*Data block*.
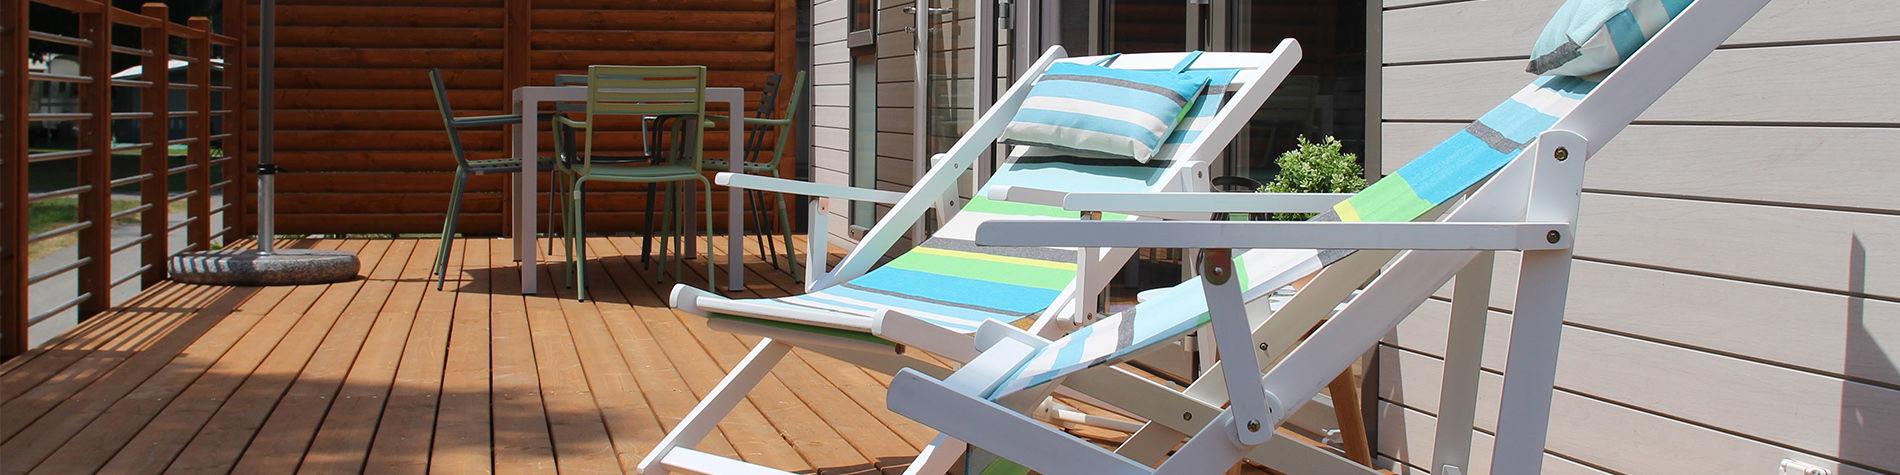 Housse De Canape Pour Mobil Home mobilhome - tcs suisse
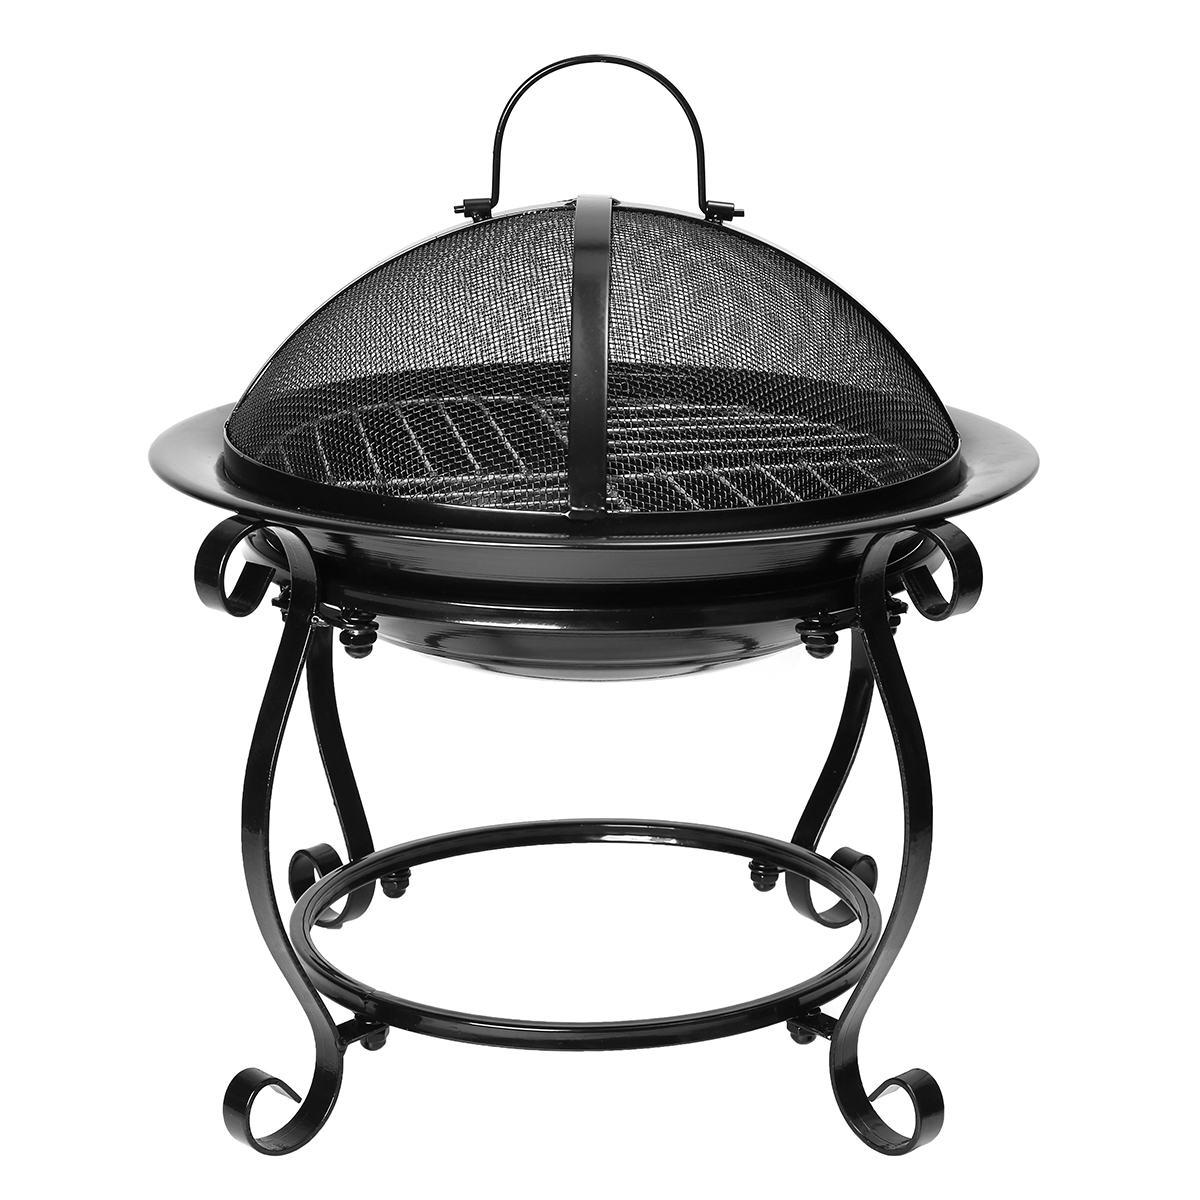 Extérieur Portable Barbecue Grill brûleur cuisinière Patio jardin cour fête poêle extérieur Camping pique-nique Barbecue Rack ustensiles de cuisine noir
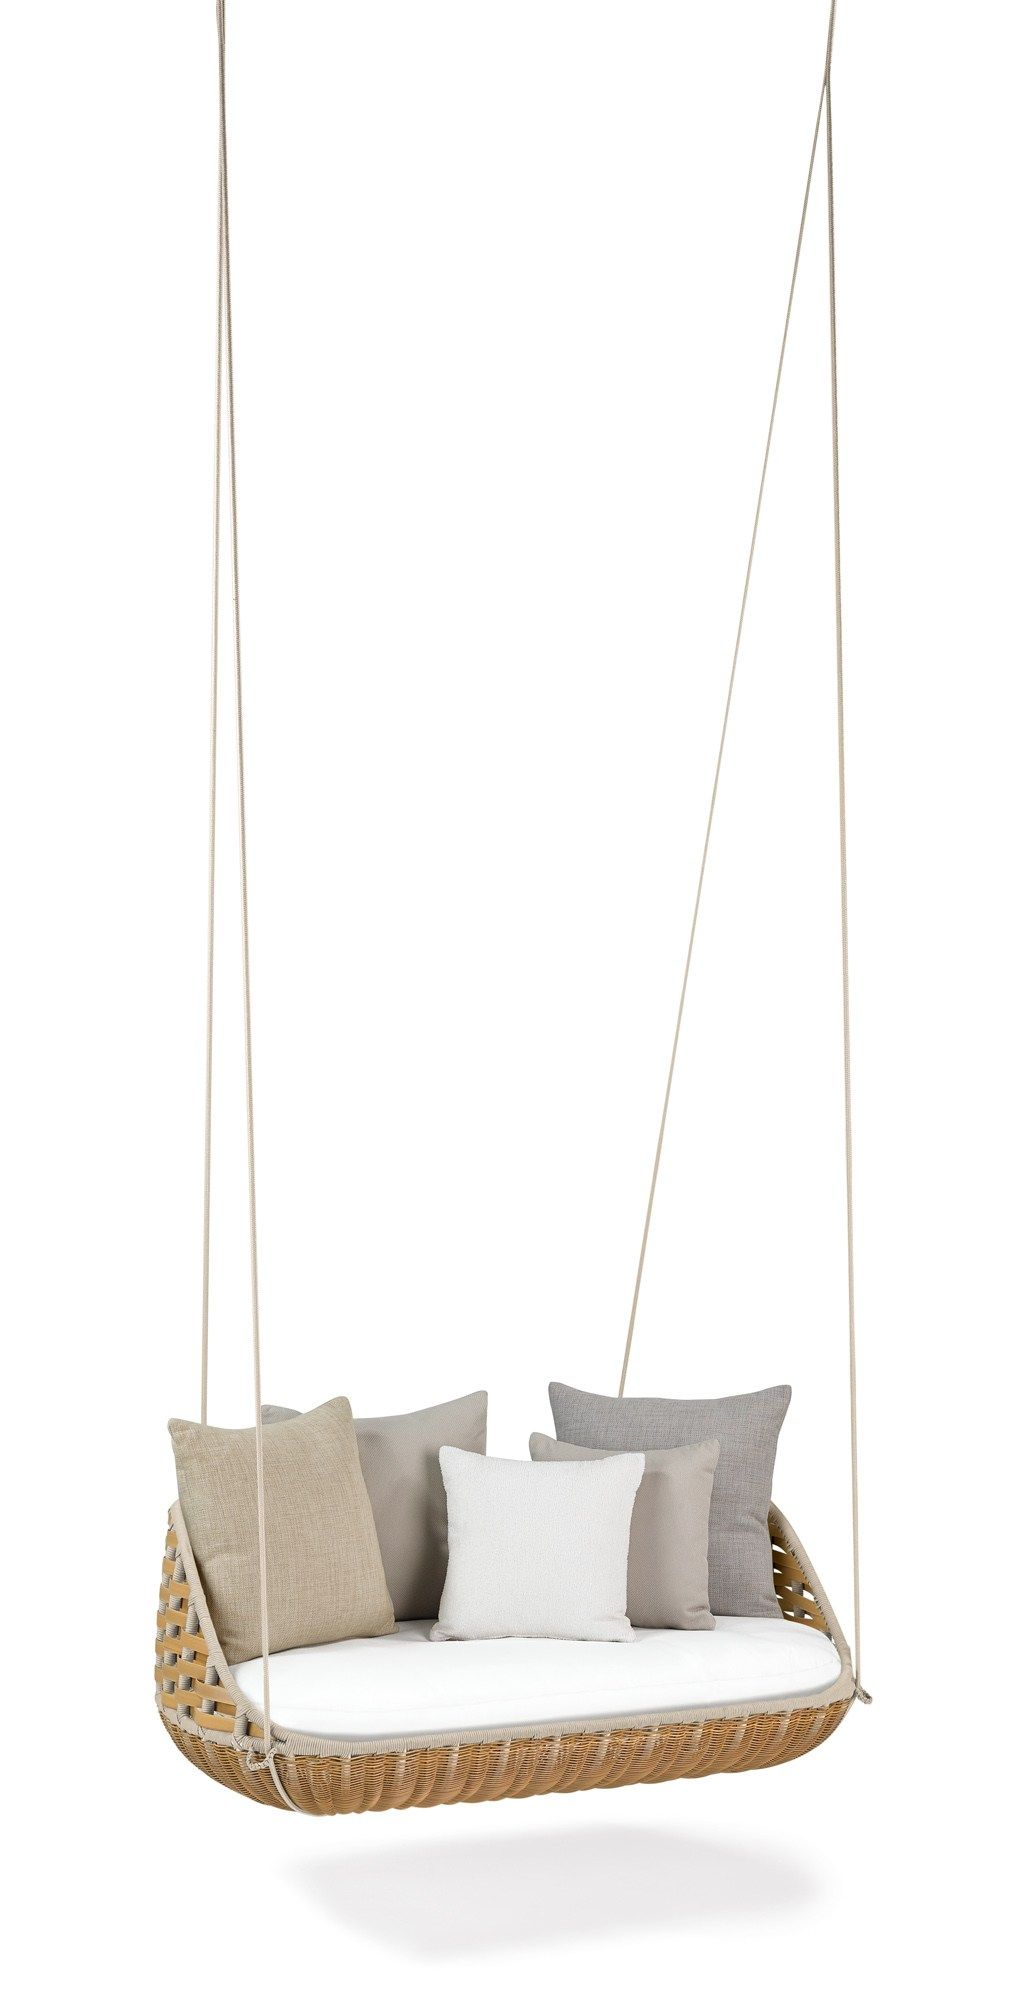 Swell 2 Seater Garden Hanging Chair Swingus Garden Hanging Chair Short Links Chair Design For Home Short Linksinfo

*Task goal*.
Write out exactly the opening lines of the data, stopping after the line that holds "Extérieur Portable Barbecue". Exclude pictures.

*Solved exercise*.
 Housse De Canape Pour Mobil Home mobilhome - tcs suisse
 Extérieur Portable Barbecue Grill brûleur cuisinière Patio jardin cour fête poêle extérieur Camping pique-nique Barbecue Rack ustensiles de cuisine noir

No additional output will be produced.